**Task item:** Report each line of the entries that includes "digitale" by copying it.

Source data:
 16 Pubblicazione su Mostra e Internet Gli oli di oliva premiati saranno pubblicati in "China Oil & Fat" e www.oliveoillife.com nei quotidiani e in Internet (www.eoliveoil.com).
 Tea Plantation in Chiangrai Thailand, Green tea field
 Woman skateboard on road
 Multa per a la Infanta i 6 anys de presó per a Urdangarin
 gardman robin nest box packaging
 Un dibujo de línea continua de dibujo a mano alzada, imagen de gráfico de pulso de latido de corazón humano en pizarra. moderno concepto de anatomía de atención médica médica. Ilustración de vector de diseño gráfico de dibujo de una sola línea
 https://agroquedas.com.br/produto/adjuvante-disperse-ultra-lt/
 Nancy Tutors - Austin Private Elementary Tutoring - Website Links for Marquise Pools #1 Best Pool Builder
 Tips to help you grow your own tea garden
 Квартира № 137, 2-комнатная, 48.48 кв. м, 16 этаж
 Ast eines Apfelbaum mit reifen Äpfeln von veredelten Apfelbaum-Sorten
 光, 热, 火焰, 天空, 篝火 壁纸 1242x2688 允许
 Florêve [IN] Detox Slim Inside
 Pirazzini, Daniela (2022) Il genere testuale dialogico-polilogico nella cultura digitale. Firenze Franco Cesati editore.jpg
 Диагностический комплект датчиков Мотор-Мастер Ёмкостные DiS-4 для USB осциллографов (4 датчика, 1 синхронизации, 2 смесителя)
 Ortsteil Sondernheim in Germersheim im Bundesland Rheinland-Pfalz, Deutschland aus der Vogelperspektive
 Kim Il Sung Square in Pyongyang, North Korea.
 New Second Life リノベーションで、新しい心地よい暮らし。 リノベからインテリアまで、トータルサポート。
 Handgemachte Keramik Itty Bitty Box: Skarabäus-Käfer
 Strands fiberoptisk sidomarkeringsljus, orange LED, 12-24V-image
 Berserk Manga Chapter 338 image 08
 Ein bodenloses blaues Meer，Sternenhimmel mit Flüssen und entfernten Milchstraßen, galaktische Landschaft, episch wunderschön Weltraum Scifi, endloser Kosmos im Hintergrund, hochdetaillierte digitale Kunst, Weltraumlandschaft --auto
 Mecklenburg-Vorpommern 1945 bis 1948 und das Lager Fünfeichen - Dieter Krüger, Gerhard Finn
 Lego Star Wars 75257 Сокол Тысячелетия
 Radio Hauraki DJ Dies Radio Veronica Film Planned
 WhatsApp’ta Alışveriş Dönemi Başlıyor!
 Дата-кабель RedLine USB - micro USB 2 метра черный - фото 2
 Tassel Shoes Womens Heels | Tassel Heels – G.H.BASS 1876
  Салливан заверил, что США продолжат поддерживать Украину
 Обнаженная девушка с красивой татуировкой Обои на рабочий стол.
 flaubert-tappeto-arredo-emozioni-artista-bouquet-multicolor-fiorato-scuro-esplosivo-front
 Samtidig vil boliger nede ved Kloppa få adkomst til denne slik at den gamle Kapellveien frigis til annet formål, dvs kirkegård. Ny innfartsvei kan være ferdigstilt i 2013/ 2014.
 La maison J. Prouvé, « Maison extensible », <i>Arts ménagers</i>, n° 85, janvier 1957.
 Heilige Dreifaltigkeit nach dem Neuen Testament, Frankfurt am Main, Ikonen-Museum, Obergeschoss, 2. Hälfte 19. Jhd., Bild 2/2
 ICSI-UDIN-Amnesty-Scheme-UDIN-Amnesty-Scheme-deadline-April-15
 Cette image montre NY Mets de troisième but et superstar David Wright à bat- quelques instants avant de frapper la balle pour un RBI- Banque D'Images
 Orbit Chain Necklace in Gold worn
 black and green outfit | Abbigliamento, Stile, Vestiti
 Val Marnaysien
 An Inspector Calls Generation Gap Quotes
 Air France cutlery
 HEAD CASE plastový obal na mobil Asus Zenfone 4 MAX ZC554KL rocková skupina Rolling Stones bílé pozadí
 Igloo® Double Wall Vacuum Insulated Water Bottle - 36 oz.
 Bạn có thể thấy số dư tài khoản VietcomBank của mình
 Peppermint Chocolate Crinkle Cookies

**Result of this task:**
 Pirazzini, Daniela (2022) Il genere testuale dialogico-polilogico nella cultura digitale. Firenze Franco Cesati editore.jpg
 Ein bodenloses blaues Meer，Sternenhimmel mit Flüssen und entfernten Milchstraßen, galaktische Landschaft, episch wunderschön Weltraum Scifi, endloser Kosmos im Hintergrund, hochdetaillierte digitale Kunst, Weltraumlandschaft --auto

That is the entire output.